▶ ABOUT THIS EXERCISE: Only one stretch of the data below should be repeated: the lines from the line containing "Afbeelding van Auto-K" through the line containing "Diliborio black coat", inclusive, exactly as they are.

────────────────────

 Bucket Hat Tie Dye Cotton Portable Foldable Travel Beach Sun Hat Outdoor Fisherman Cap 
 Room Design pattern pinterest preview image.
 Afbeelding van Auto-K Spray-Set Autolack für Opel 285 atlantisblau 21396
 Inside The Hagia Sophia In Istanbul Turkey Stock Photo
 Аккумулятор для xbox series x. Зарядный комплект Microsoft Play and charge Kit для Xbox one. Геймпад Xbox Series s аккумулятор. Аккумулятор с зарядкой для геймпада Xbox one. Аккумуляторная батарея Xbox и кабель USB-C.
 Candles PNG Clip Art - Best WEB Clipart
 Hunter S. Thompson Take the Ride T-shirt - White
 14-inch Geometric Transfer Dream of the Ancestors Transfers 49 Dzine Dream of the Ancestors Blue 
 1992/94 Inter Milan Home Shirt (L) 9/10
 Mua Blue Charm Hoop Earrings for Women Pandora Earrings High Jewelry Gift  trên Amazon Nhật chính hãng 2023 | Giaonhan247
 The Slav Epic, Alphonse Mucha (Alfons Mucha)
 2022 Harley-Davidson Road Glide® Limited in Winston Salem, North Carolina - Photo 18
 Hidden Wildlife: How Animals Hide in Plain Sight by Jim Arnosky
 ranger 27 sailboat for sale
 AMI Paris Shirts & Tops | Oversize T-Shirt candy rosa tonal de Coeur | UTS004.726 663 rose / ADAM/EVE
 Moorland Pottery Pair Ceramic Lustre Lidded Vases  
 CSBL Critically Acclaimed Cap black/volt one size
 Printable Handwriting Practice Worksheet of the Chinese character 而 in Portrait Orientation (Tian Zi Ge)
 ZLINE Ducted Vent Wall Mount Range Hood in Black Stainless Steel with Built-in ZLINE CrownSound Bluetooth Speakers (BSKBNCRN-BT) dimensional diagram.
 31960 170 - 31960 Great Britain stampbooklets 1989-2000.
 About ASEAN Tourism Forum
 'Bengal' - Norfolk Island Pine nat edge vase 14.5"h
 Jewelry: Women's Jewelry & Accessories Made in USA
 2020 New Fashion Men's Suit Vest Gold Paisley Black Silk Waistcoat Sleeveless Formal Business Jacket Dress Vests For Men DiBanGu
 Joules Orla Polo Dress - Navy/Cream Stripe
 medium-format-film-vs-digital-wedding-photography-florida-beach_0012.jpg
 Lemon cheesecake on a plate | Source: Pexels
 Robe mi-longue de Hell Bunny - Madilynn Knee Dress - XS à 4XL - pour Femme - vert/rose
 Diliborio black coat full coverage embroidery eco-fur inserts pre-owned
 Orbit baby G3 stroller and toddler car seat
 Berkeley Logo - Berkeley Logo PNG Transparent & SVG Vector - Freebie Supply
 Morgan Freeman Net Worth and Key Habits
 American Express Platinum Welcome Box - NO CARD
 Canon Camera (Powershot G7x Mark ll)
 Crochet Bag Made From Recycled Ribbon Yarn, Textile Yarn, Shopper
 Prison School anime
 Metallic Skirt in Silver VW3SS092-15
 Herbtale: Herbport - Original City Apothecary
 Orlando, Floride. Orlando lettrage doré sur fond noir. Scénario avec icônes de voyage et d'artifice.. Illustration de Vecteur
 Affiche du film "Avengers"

────────────────────

▶ EXPECTED ANSWER:
 Afbeelding van Auto-K Spray-Set Autolack für Opel 285 atlantisblau 21396
 Inside The Hagia Sophia In Istanbul Turkey Stock Photo
 Аккумулятор для xbox series x. Зарядный комплект Microsoft Play and charge Kit для Xbox one. Геймпад Xbox Series s аккумулятор. Аккумулятор с зарядкой для геймпада Xbox one. Аккумуляторная батарея Xbox и кабель USB-C.
 Candles PNG Clip Art - Best WEB Clipart
 Hunter S. Thompson Take the Ride T-shirt - White
 14-inch Geometric Transfer Dream of the Ancestors Transfers 49 Dzine Dream of the Ancestors Blue 
 1992/94 Inter Milan Home Shirt (L) 9/10
 Mua Blue Charm Hoop Earrings for Women Pandora Earrings High Jewelry Gift  trên Amazon Nhật chính hãng 2023 | Giaonhan247
 The Slav Epic, Alphonse Mucha (Alfons Mucha)
 2022 Harley-Davidson Road Glide® Limited in Winston Salem, North Carolina - Photo 18
 Hidden Wildlife: How Animals Hide in Plain Sight by Jim Arnosky
 ranger 27 sailboat for sale
 AMI Paris Shirts & Tops | Oversize T-Shirt candy rosa tonal de Coeur | UTS004.726 663 rose / ADAM/EVE
 Moorland Pottery Pair Ceramic Lustre Lidded Vases  
 CSBL Critically Acclaimed Cap black/volt one size
 Printable Handwriting Practice Worksheet of the Chinese character 而 in Portrait Orientation (Tian Zi Ge)
 ZLINE Ducted Vent Wall Mount Range Hood in Black Stainless Steel with Built-in ZLINE CrownSound Bluetooth Speakers (BSKBNCRN-BT) dimensional diagram.
 31960 170 - 31960 Great Britain stampbooklets 1989-2000.
 About ASEAN Tourism Forum
 'Bengal' - Norfolk Island Pine nat edge vase 14.5"h
 Jewelry: Women's Jewelry & Accessories Made in USA
 2020 New Fashion Men's Suit Vest Gold Paisley Black Silk Waistcoat Sleeveless Formal Business Jacket Dress Vests For Men DiBanGu
 Joules Orla Polo Dress - Navy/Cream Stripe
 medium-format-film-vs-digital-wedding-photography-florida-beach_0012.jpg
 Lemon cheesecake on a plate | Source: Pexels
 Robe mi-longue de Hell Bunny - Madilynn Knee Dress - XS à 4XL - pour Femme - vert/rose
 Diliborio black coat full coverage embroidery eco-fur inserts pre-owned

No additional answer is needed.